How do you use Super CSV??

2011-11-29
2013-10-02
  • James Bassett

    James Bassett - 2011-11-29

    We'd love to know how you're using Super CSV so we can add useful features/functionality!

    Do you use Super CSV on a Production app server, mobile device or something
    else?

    Or are you pushing the boundaries of what's possible with Super CSV (there's
    been recent discussion about multi-threading and FileLocks for example)?

    Any information you can provide will help us make Super CSV even better. For
    example, we're implementing OSGi support for the upcoming release, due to a
    request from a number of users.

     
  • Stephen Chester

    Stephen Chester - 2012-10-15

    I am hoping to use Super CSV as a helper on a pre-production environment to import data from a source that does not provide an API. I am planning on multi-threading my solution, and would love a pointer to any discussion that has already happened around this!

     
  • James Bassett

    James Bassett - 2012-10-15

    Hi Stephen,

    I think the original post was in response to this feature request, which isn't really helpful to you.
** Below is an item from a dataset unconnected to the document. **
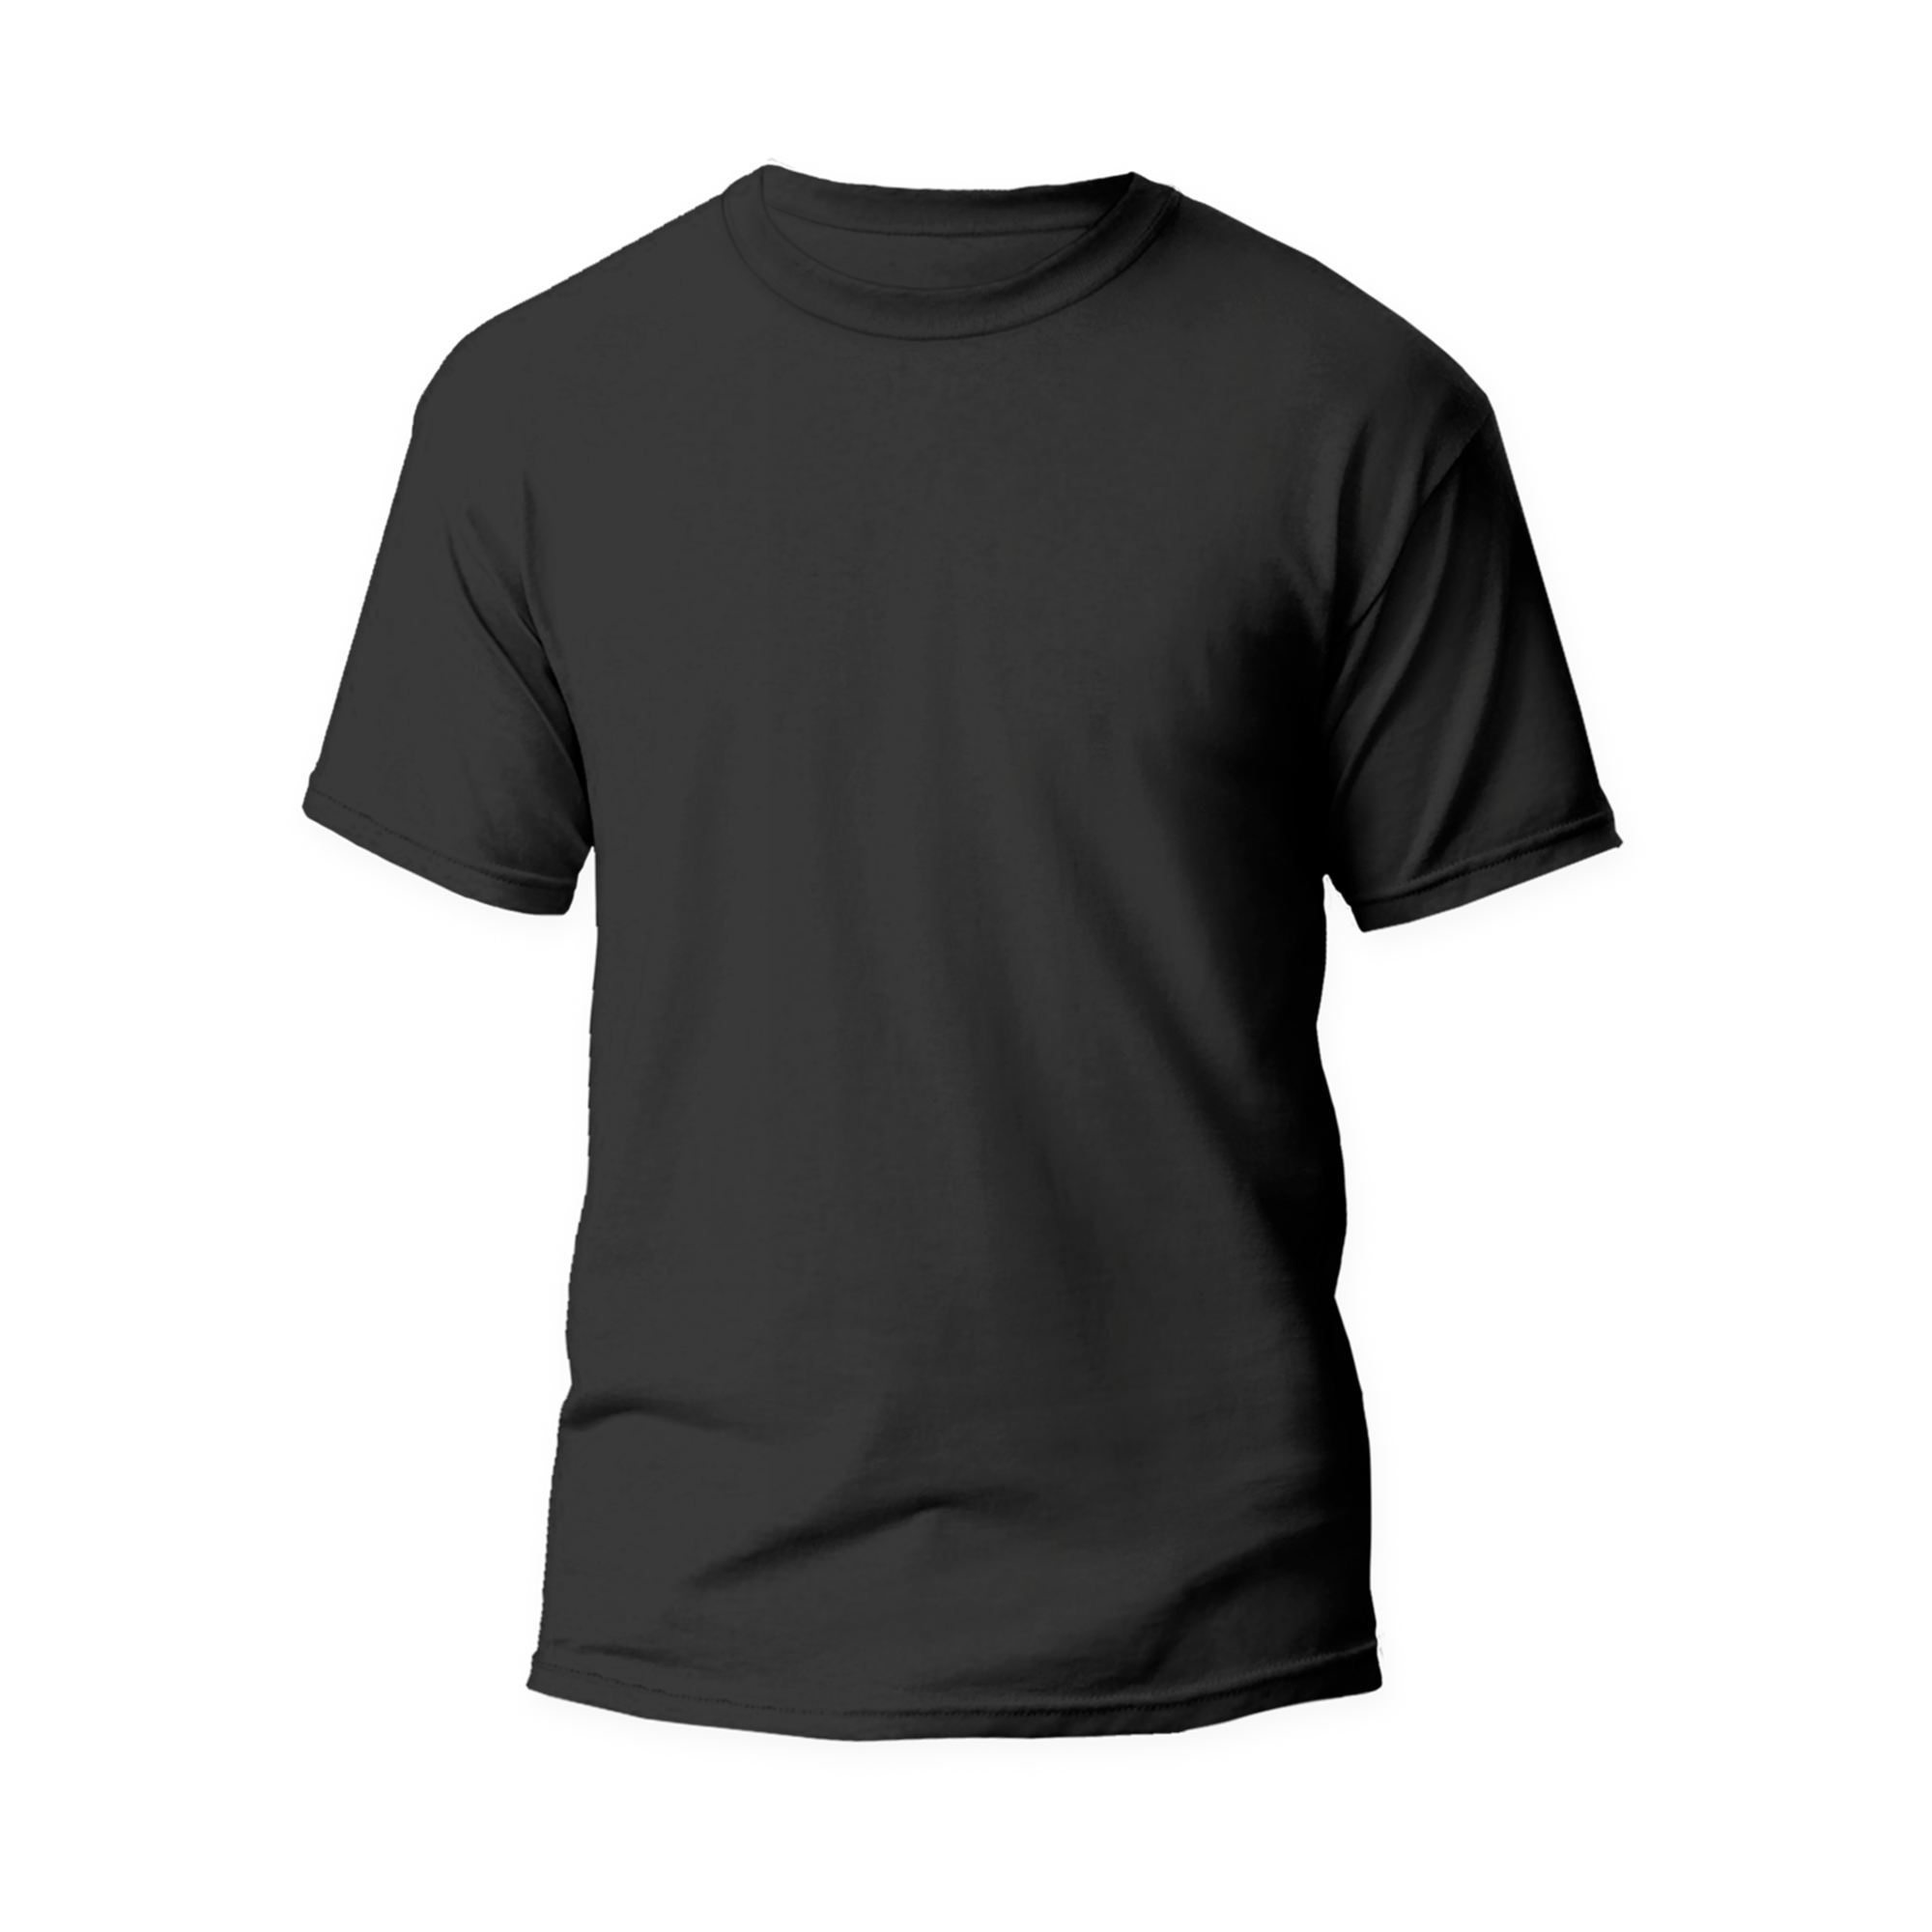 HercShirt 3.0 - The World's Cleanest Short Sleeve Shirt

    I'm keen to discuss the best way to use Super CSV with multiple threads - it's an area nobody has really asked too much about, so if we can put together some ideas it will help the next person who comes along.

    Super CSV is not thread-safe. It was written with performance in mind, so it uses instance variables and re-uses objects to increase efficiency. That said, I don't think it's a good idea to read/write CSV from multiple threads anyway (unless you're working with multiple files, then it might make sense - and you'd have to use a separate reader/writer for each file).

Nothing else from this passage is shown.